Being fast is more important than being wrong

Fundamentally, running an A/B test is a risk mitigation strategy. An A/B test can substantially reduce the risk that the team will invest a lot of time and energy into building something that users don't need and/or has a neutral or even negative impact on key business metrics like revenue.

Often, when we talk about risk management for A/B test we are concerned about making the "wrong" decision. Either we choose to rollout a feature that we shouldn't have (this is called a "type 1" error or a "false positive") or we choose not to rollout a feature we should have (a "type 2" error or a "false negative"). We use statistical methods to reduce the risk of making the wrong decision because of these errors. These statistical methods don't fully remove the errors, they just limit them.

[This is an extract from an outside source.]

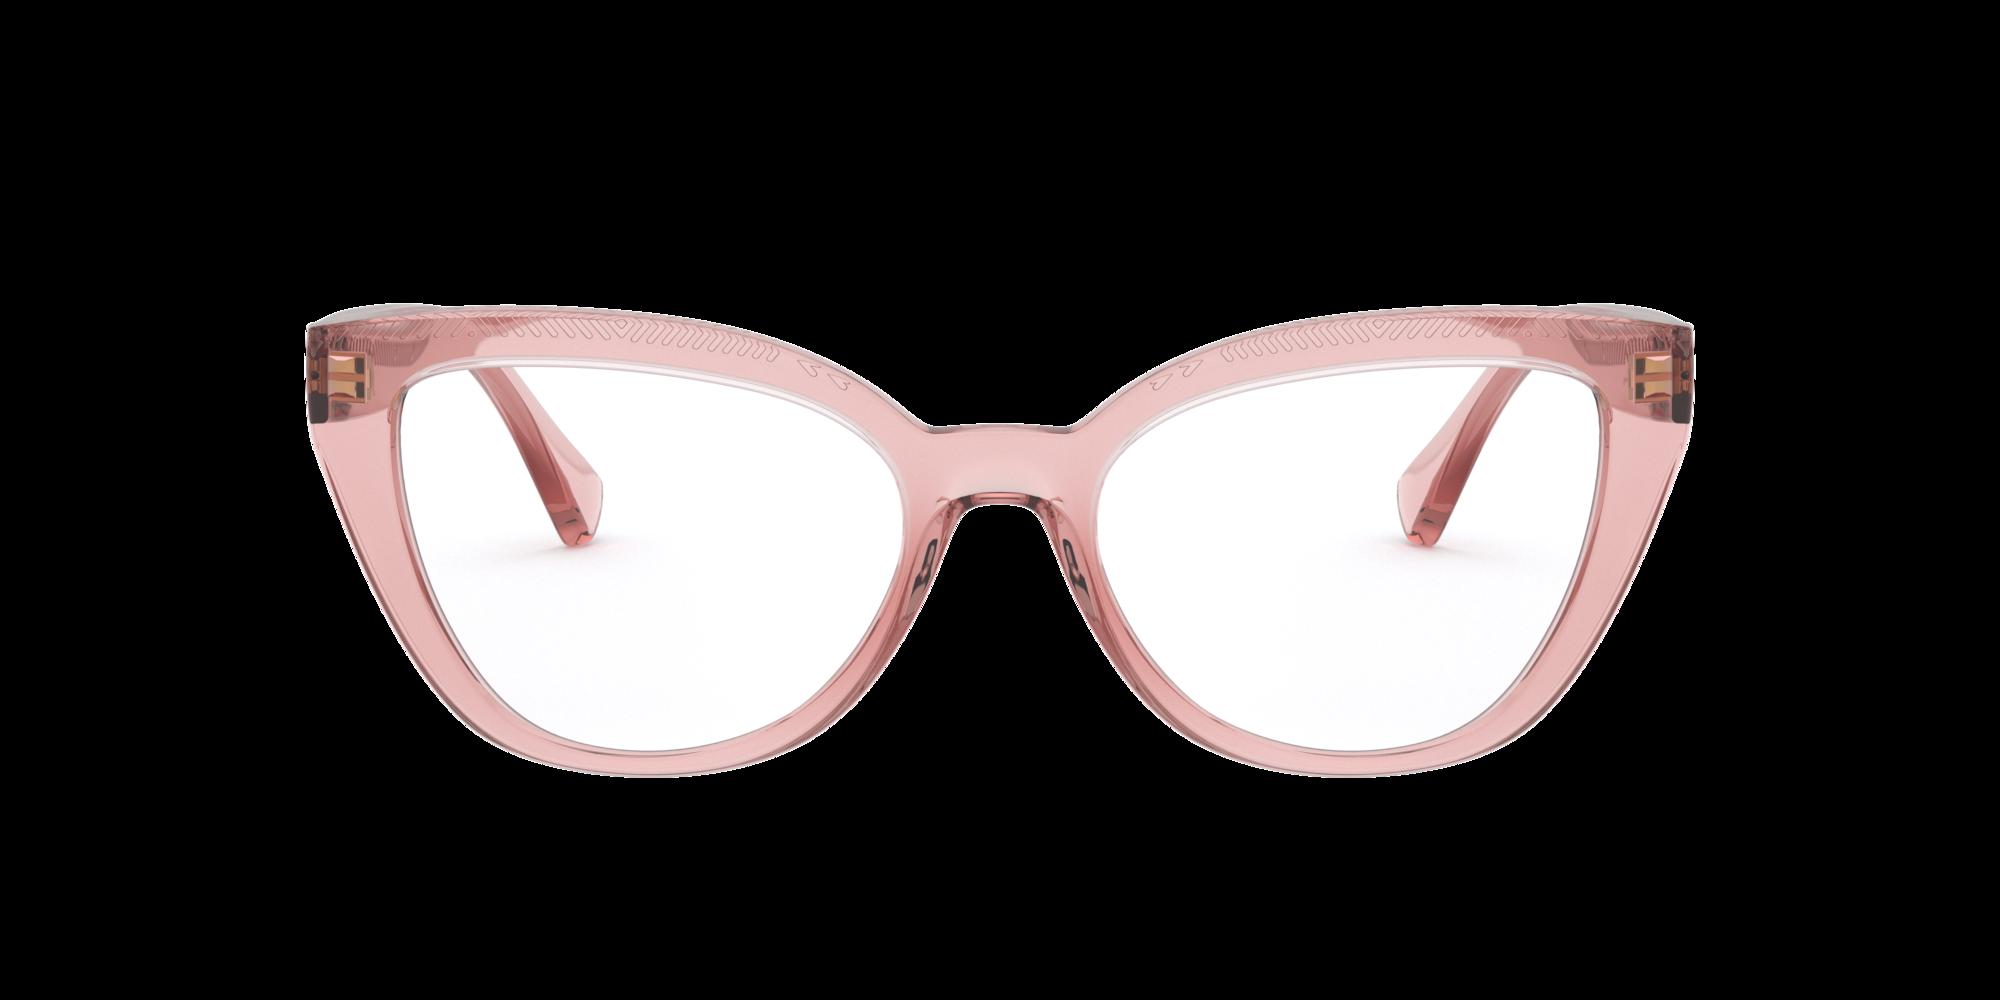 Imagen para RA7112 de LensCrafters |  Espejuelos, espejuelos graduados en línea, gafas

My understanding is that most of the default values used for confidence levels and statistical power were chosen in the context of high-stakes research such as experiments for testing new vaccines or cancer treatments. Digital product management is clearly a very different environment. For the vast majority of digital products, making the "wrong" decision results in some lost revenue for the business, but nobody dies!

There are often-quoted studies that have shown that in organizations that tracked it, only 10-30% of ideas that they A/B tested actually resulted in a statistically significant positive impact in their outcome metric 1 2. By trying to meet the same quality standard as medical studies, one could argue that we are setting the bar too high for lower-stakes experiments on digital products. If the alternative is that we don't A/B test at all, we could assume that we would make the correct decision roughly ~30% of the time. Therefore, our A/B testing program just has to ensure we are correct more often than that. Even if we add some wiggle room to account for the cost of A/B testing, clearing an accuracy threshold of 40% accuracy is much easier to achieve than 95%. Ideally we want to get as close to 100% accuracy as is feasible, however, the closer we try to get to that goal, the longer it takes to run experiments. The relationship is non-linear, so going from 30% to 40% accuracy has a much smaller impact on velocity than going from 95% to 99%. Businesses that aimed for 99% accuracy would release many fewer changes than a business that was comfortable being "wrong" 50% of the time.

This same argument can be made when considering interaction effects, proxy metrics, novelty effects, and other quality issues that A/B tests can face. We don't need to be 100% accurate, we just need to accrue as much value as quickly as possible.

Being fast is more important than being wrong.

  1. In 2009 Ronny Kohavi stated that Microsoft only saw ~30% of their experiments produce statistically significant positive results. Kohavi, Ronny, et al. "Online experimentation at Microsoft." Data Mining Case Studies 11.2009 (2009): 39. 

  2. "At, only about 10% of experiments generate positive results" Building a Culture of Experimentation Harvard Business Review March-April 2020. Retrieved 2023-04-01.